Le mythe de la classe salariée opposée à l’impérialisme, les salariés comme sous bourgeois, bourgeois de second ordre.

L’originalité de la situation historique est la disparition apparente de la lutte des classes au niveau national.

Je m’explique.

Dans le cadre de l’ordre mondial de type impérialiste, financiarisé et avec généralisation de l’échange inégal entre les pays, l’exploitation traditionnelle est masquée.

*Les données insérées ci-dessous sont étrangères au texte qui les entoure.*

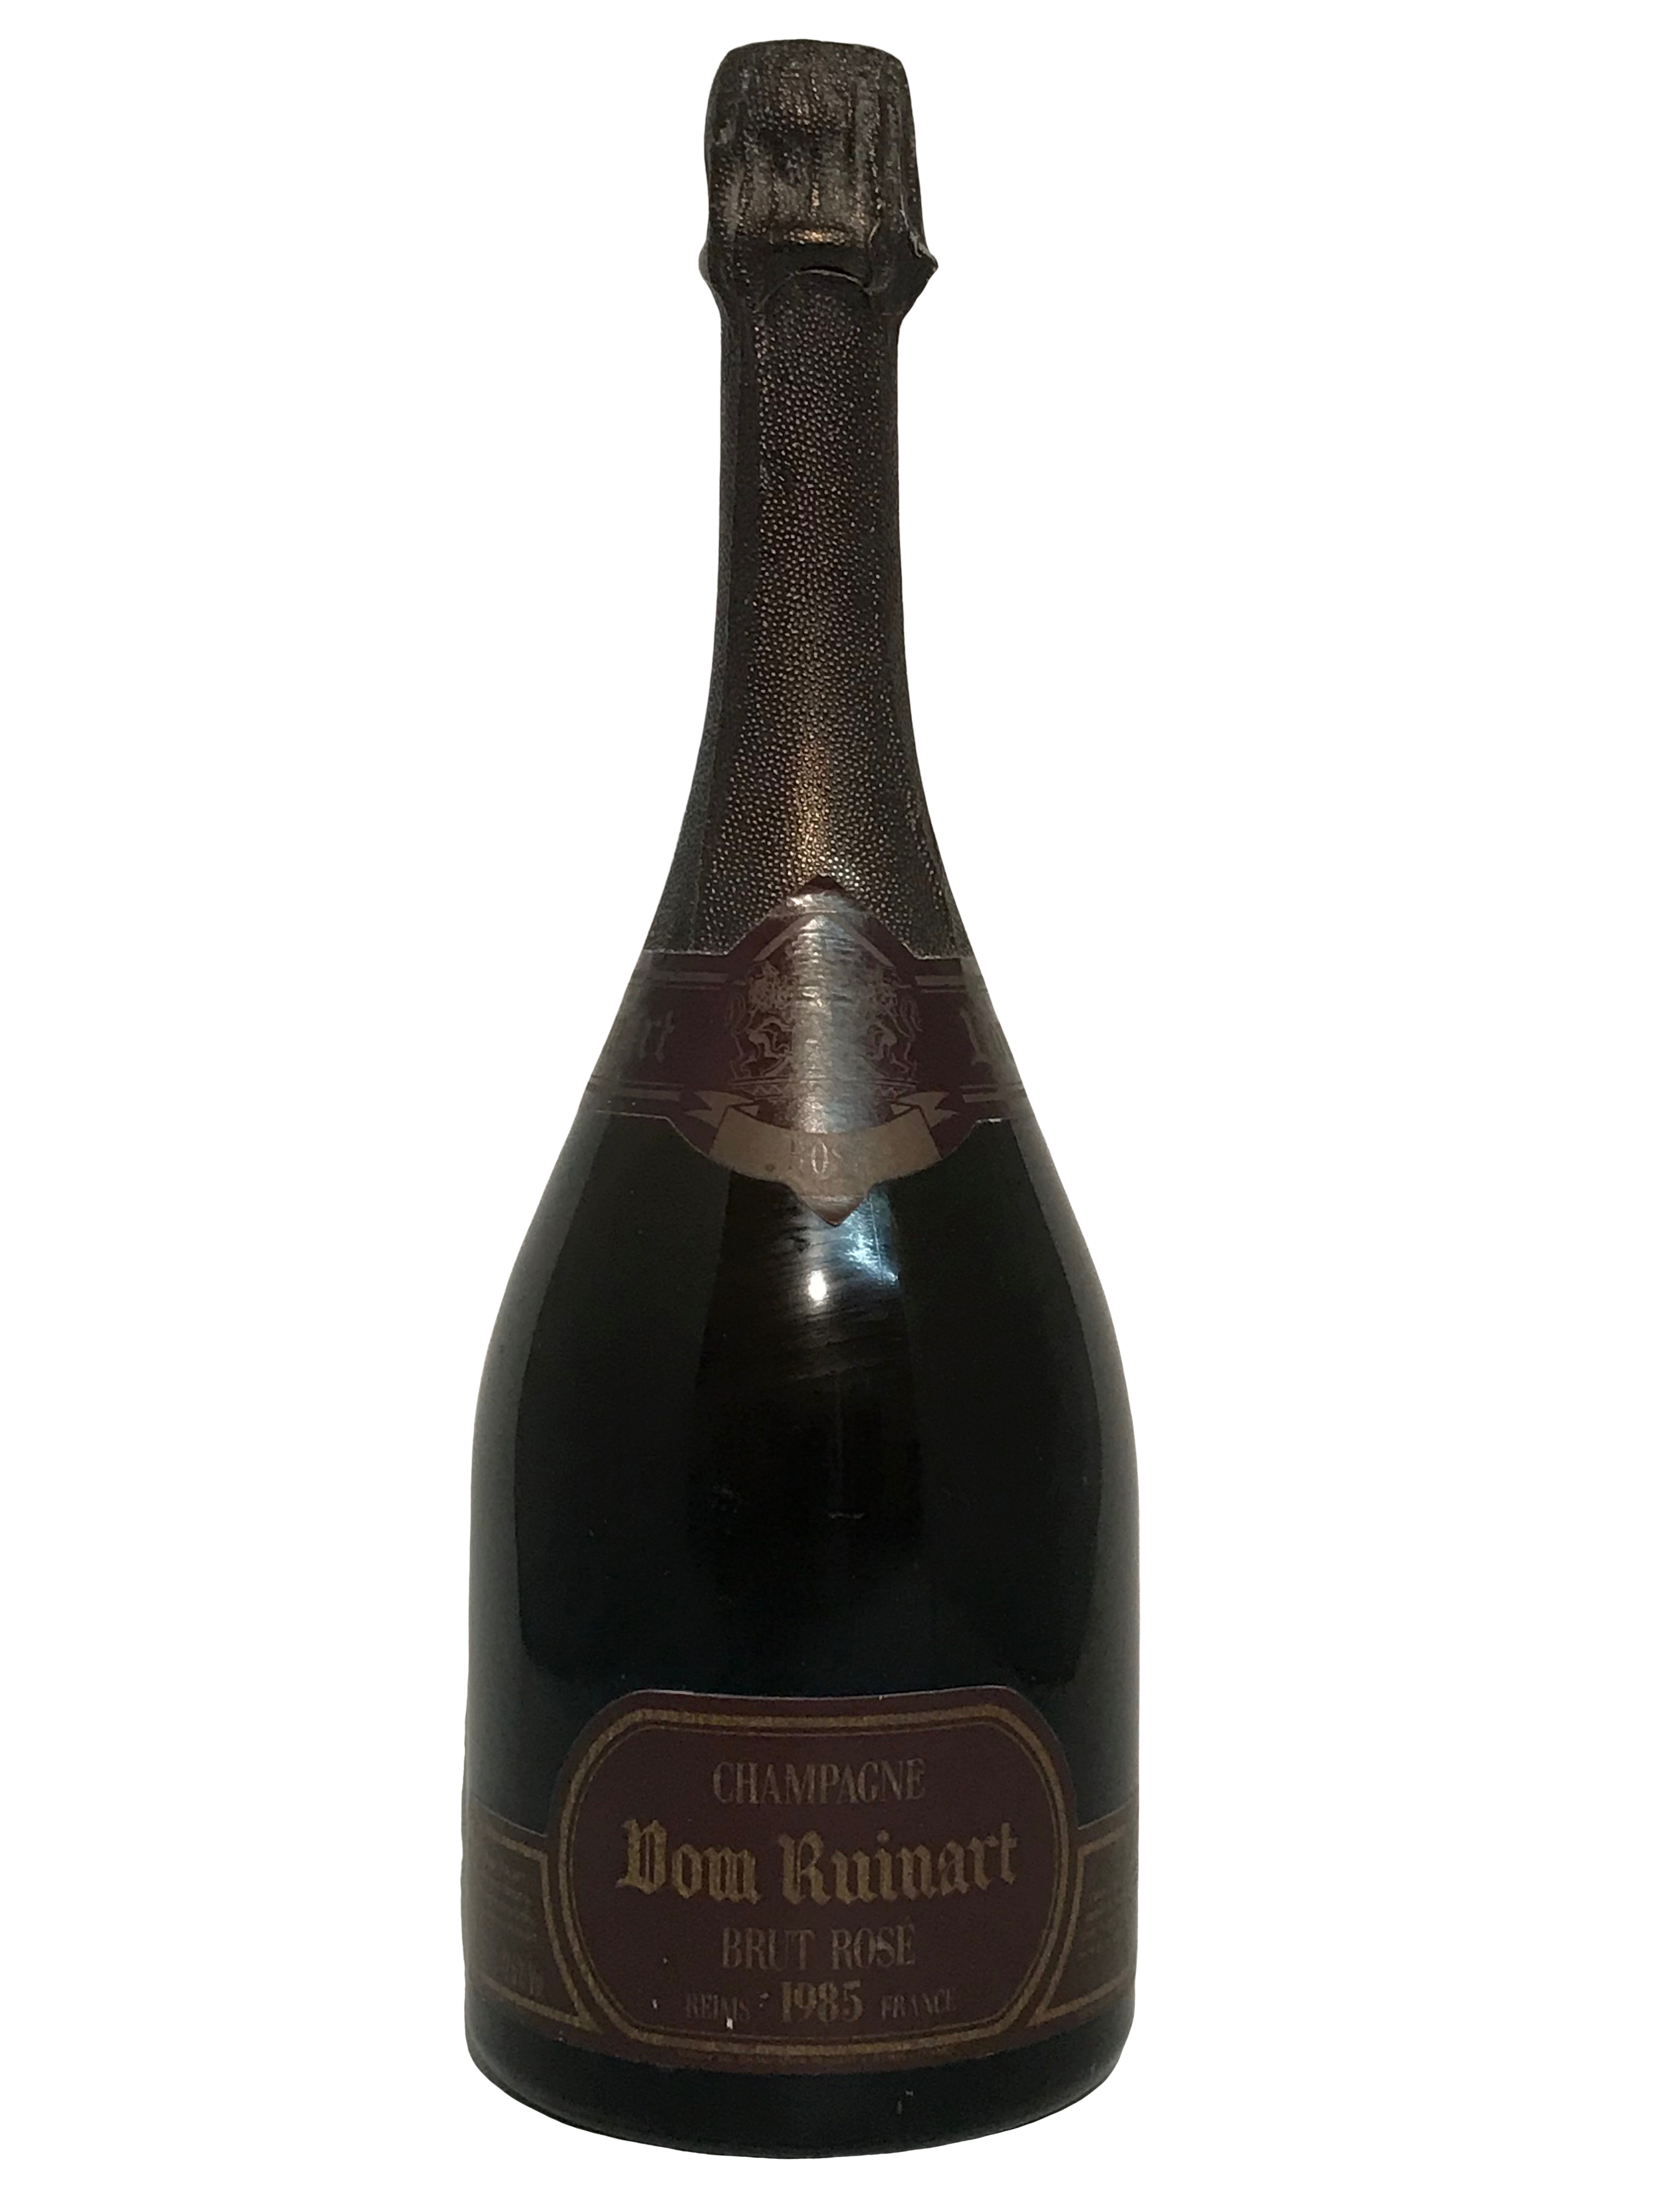 Champagne Ruinart Brut Rosé 1985

Elle existe toujours bien sur, mais elle n’apparait plus comme telle sous sa forme intelligible et assimilable par les masses.

En effet ce sont des pays entiers qui en exploitent d’autres; pour caricaturer, des pays entiers du Nord exploitent des pays entiers, du Sud . Ils les exploitent soit au niveau de la main d ‘œuvre directe ou incorporée dans les biens et services importés, soit au niveau des richesses primaires, matières premières , énergie sous payées, soit au niveau financier ou monétaire ou par les parités de changes . etc

La dépossession internationale est une forme d’exploitation, d’extraction, tout comme l’est l’importation du produit de l’activité des travailleurs sous payés, payés en dessous des valeurs moyennes des pays développés.

Nos pauvres sont en quelque sorte des sous-bourgeois, des bourgeois de second ordre, ils mangent les restes du festin du capital financiarisé devenu impérialiste. Ils n’ont plus une conscience de classe claire. Ni chez eux, ni avec les populations des pays dominés.

L’affrontement international , mondial entre « le camp du bien, camp des riches » contre « le camp du mal, camp des pauvres » exprime encore un peu la vérité, la réalité de la situation que je décris, mais tout cela est brouillé, masqué.

Il est difficle de l’expliquer et de le démontrer simplement.

Des auteurs ont tenté de faire comprendre que la rivalité stratégique entre les USA et la Chine était une sorte de lutte des classes mondiales ou un de ses avatars, ils ont échoué, c’est trop complexe et et trop contre-intuitif!

Si on me suit, cependant , on comprend que la plupart des pays occidentaux, même là ou les salariés sont exploités le plus durement, applaudissent à la prise de controle du Venézuela par les USA; ou au projet occidental de pillage des richesses de la Russie et de l’Ukraine, tout comme ils sont favorable au pillage du Moyen Orient.

Les masses des pays occidentaux sont toujours favorables à ce que l’on extraie de la plus value ailleurs, plus value dont ensuite ils reçoivent quelques miettes .tandis que le gros de la plus value renforce les pouvoirs de domination des classes supérieures sur elles!

Inconsciemment les pauvres, les prolétaires, les laissés pour compte de ces pays savent qu’ils jouissent du partage, qu’ils jouissent de ces miettes que le capital et ses alliés leur laisse dans le processus d’exploitation. Il est en effet évident que le niveau de vie de nos classes inferieures et moyennes inférieures serait encore plus bas si elles ne bénéficiaient pas de ce petit ruissellement de l’exploitation de certaines régions du monde.

Ci dessous un texte Trotskiste qui prétend le contraire de ce que je dis c’est à dire qui prétend que les masses s’opposent aux guerres impérialistes:

l’immense majorité des travailleurs s’oppose à une nouvelle guerre impérialiste. Sondage après sondage, l’opinion publique manifeste une profonde hostilité envers l’intervention militaire au Venezuela et une méfiance généralisée à l’égard des discours officiels sur la « démocratie » et la « sécurité ».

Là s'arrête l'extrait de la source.